**YOUR ASSIGNMENT:** With the material below, print exactly the lines between the line holding "White Curtain Rods Walmart" and the line holding "Milan Bedroom Furniture", inclusive. Add nothing else.

**RECORD EXTRACTS:**
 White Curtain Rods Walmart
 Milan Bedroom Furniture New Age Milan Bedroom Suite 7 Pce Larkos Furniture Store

* * *

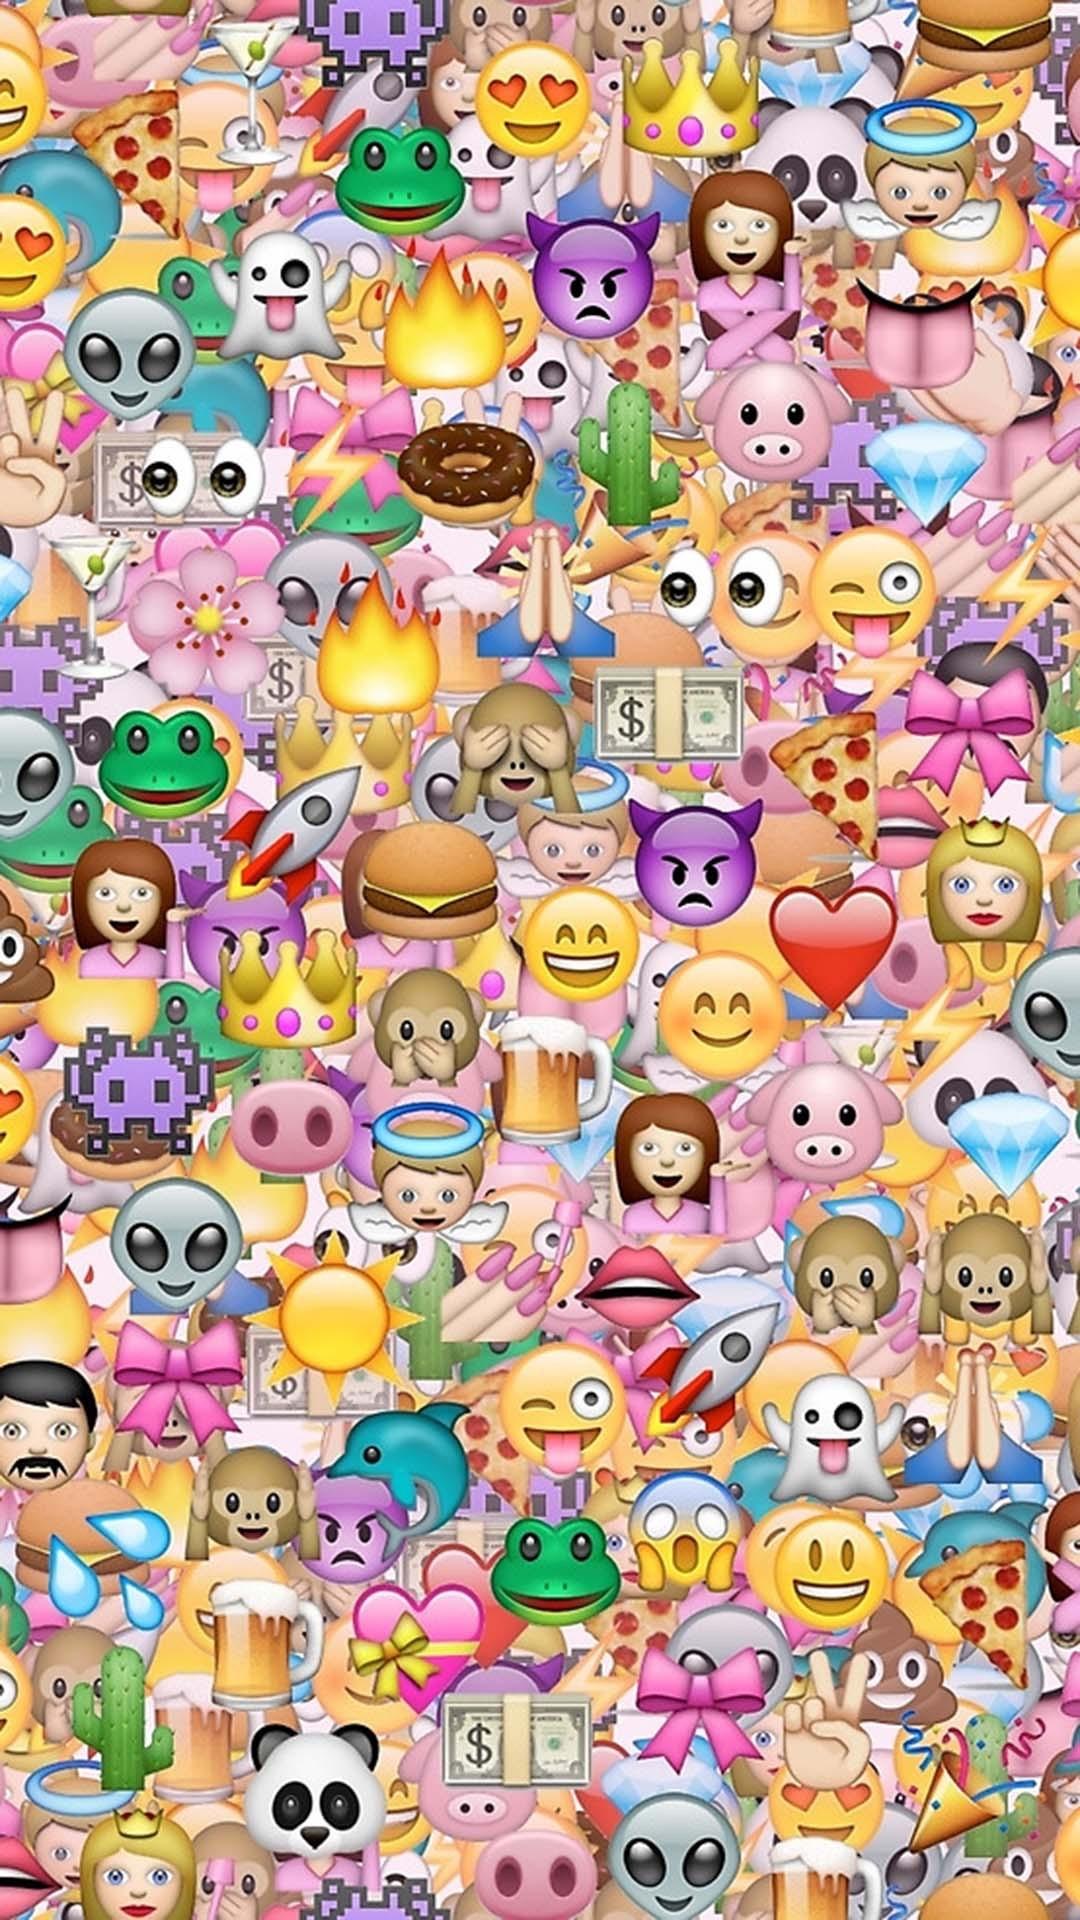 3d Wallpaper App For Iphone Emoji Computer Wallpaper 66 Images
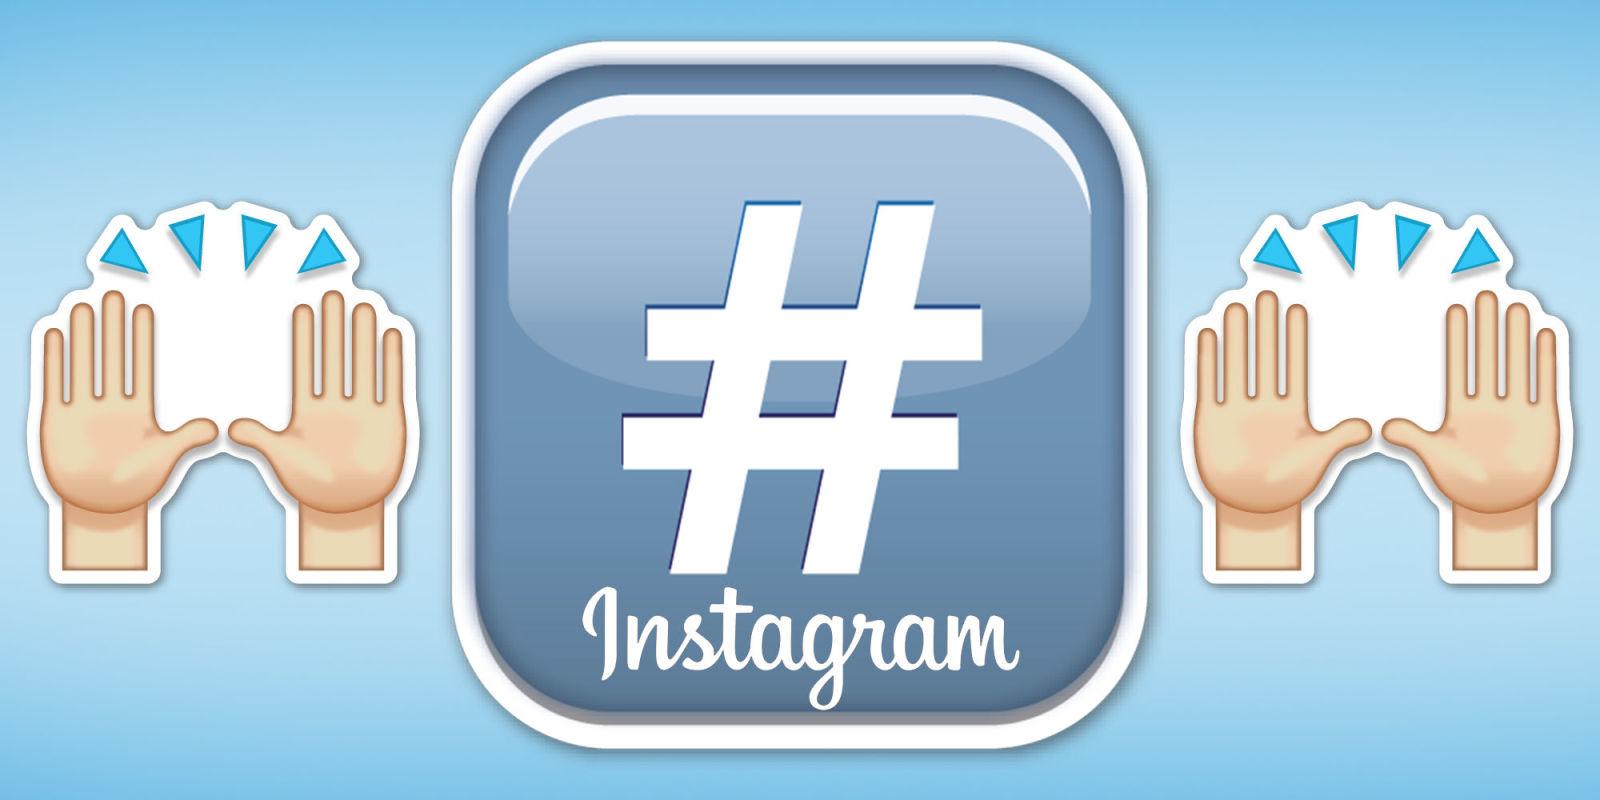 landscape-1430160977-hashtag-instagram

**RESPONSE TO THE TASK:**
 White Curtain Rods Walmart
 Milan Bedroom Furniture New Age Milan Bedroom Suite 7 Pce Larkos Furniture Store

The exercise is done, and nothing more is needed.